## Problem requirements
Below are some records. Retype exactly the lines from the one containing "Version 1.0|February, 2011" through the one containing "flourish support is", both included, skipping every picture.

## The data

++++++++++++++++++++

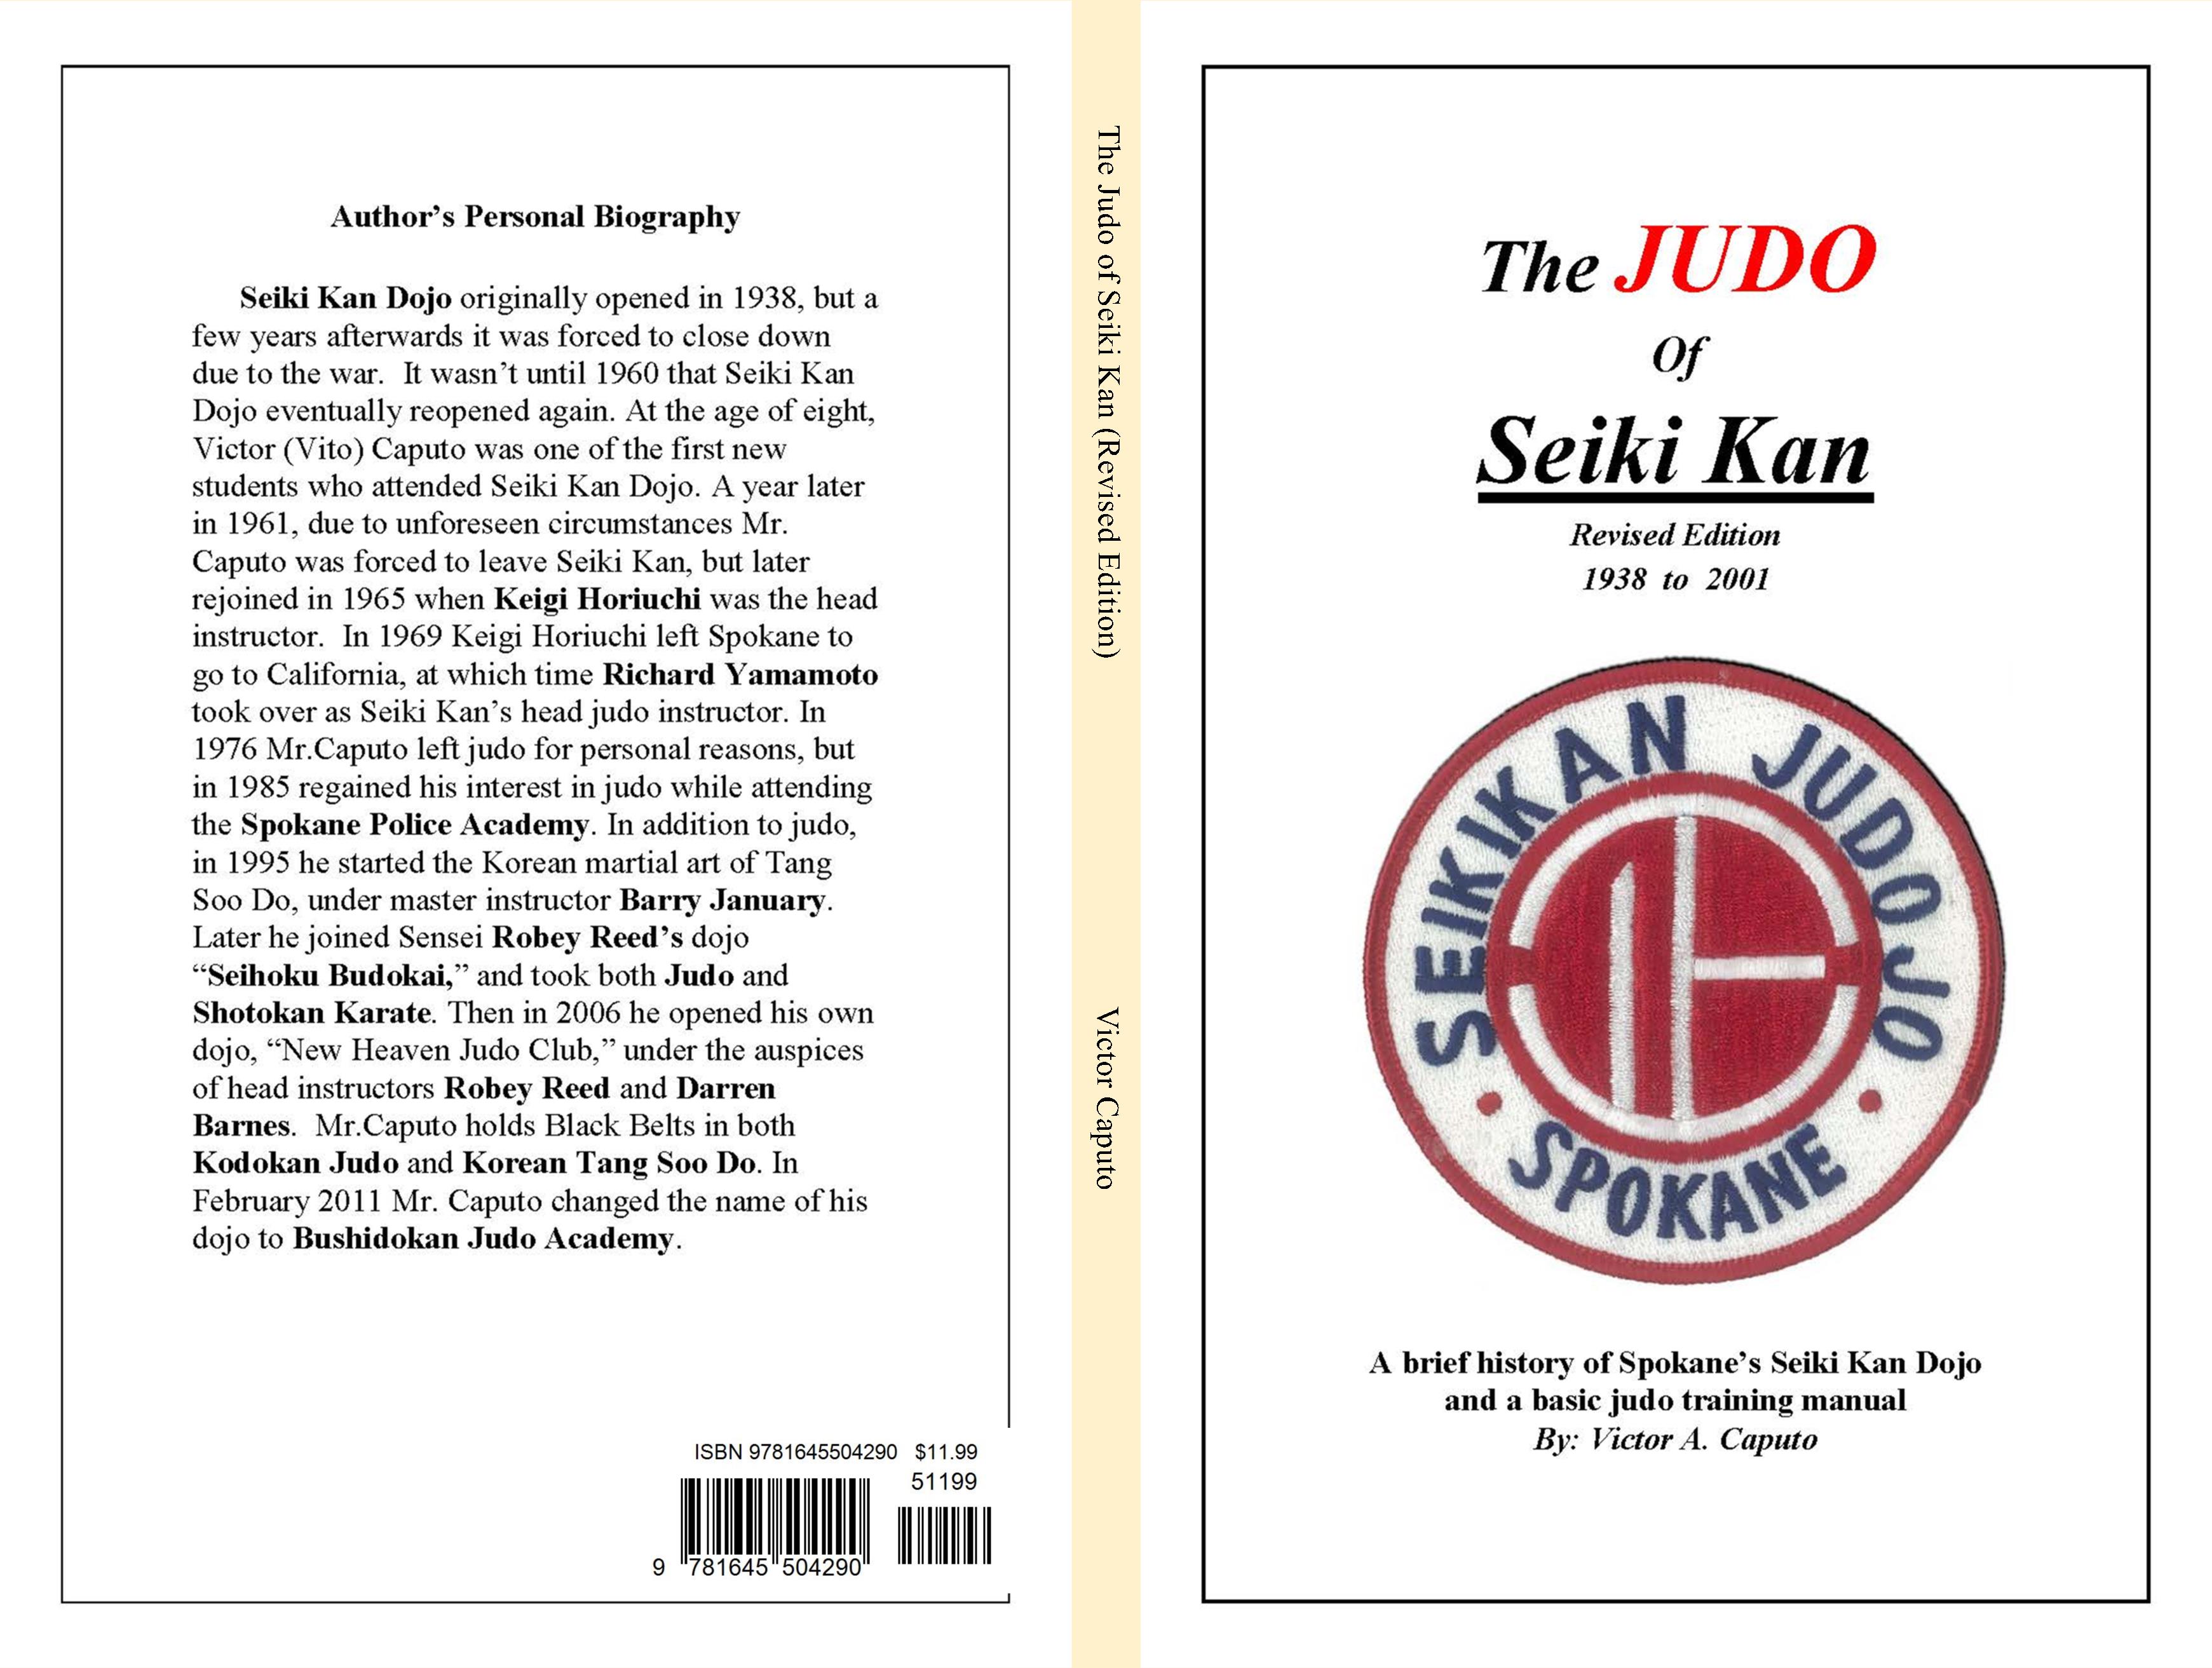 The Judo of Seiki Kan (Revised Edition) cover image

++++++++++++++++++++

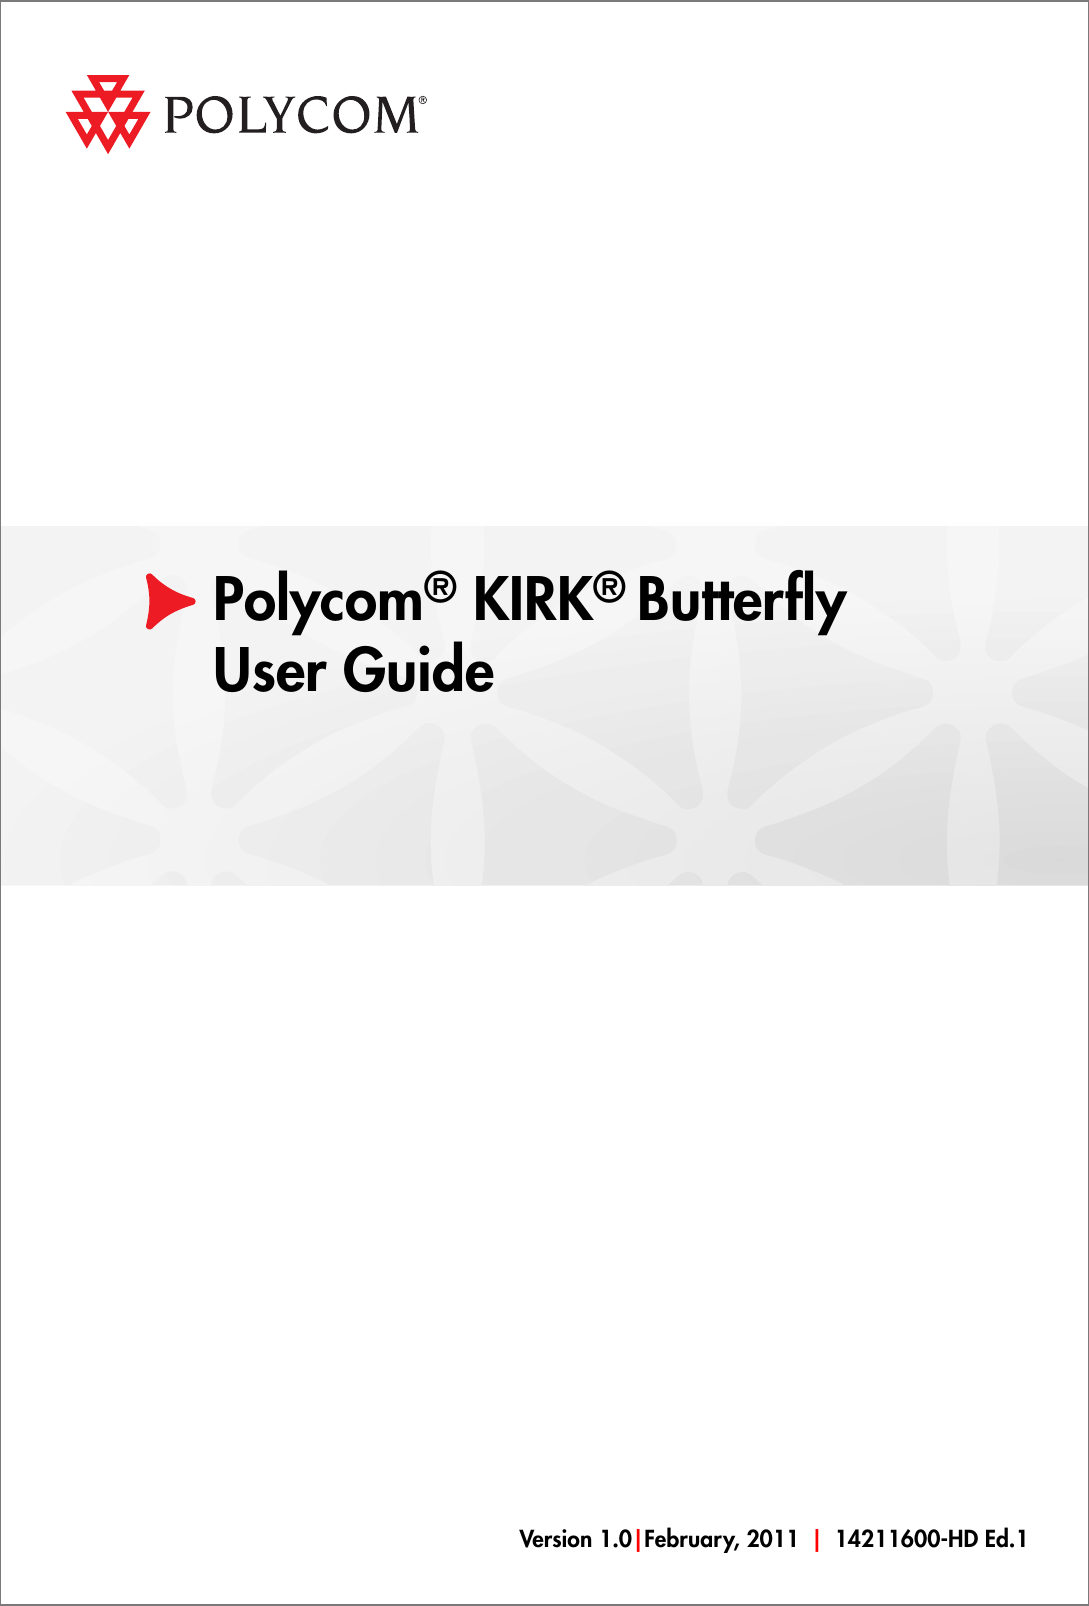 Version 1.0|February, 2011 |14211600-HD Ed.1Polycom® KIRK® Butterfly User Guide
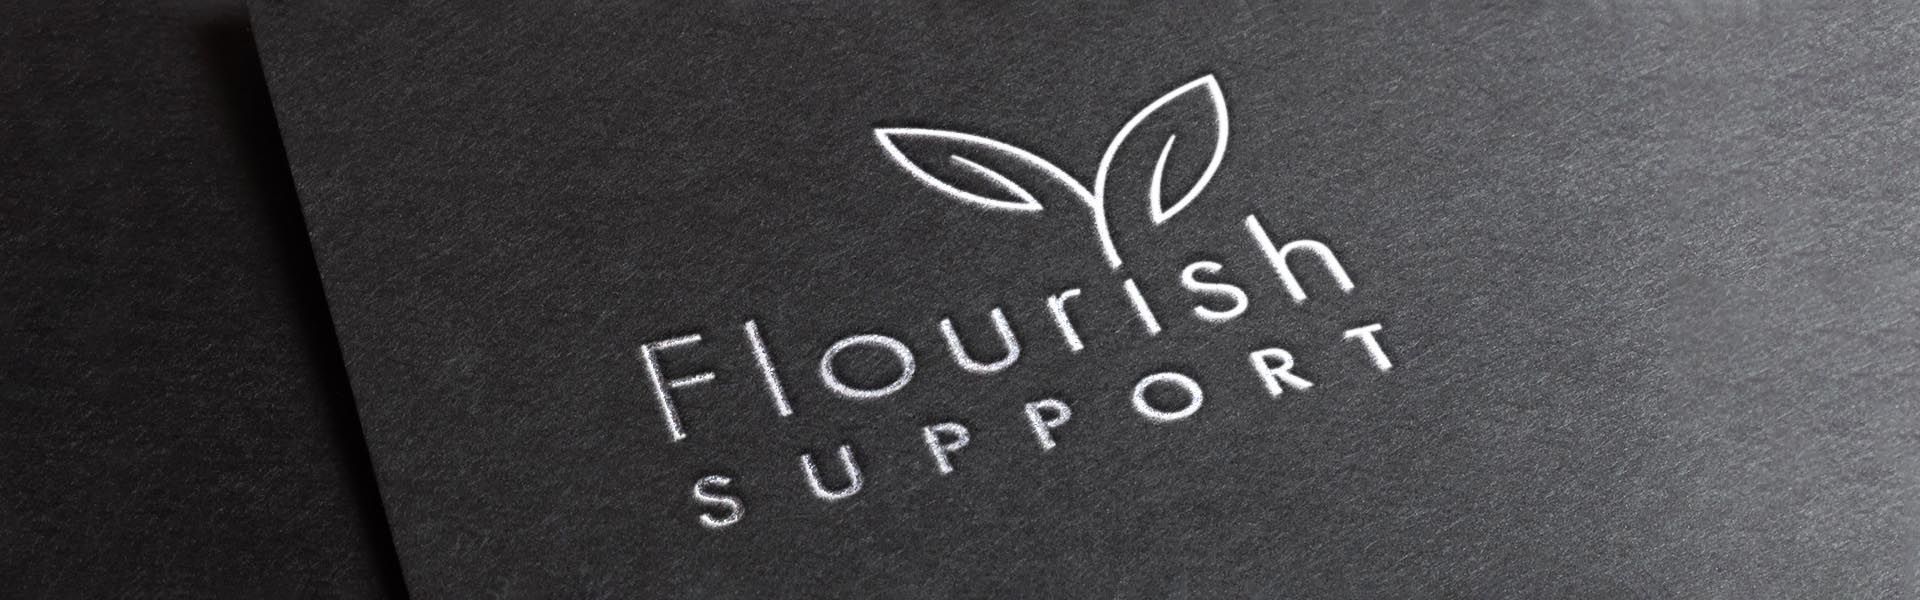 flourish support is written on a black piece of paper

++++++++++++++++++++

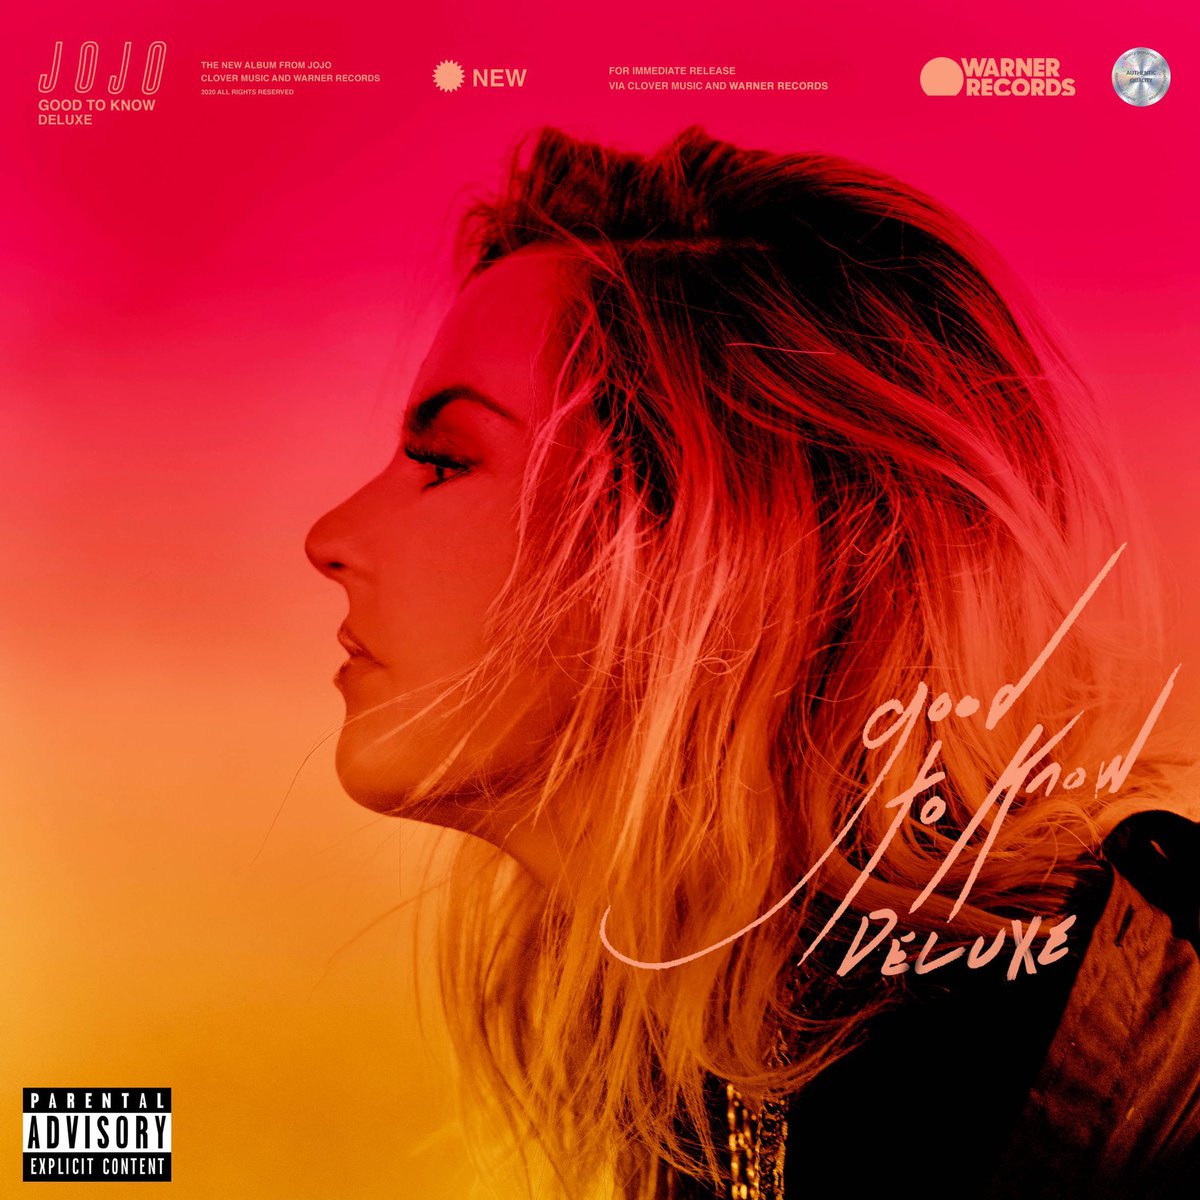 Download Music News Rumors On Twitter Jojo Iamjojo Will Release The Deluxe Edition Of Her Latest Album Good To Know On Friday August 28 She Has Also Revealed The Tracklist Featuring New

++++++++++++++++++++

## Answer area
 Version 1.0|February, 2011 |14211600-HD Ed.1Polycom® KIRK® Butterfly User Guide
 flourish support is written on a black piece of paper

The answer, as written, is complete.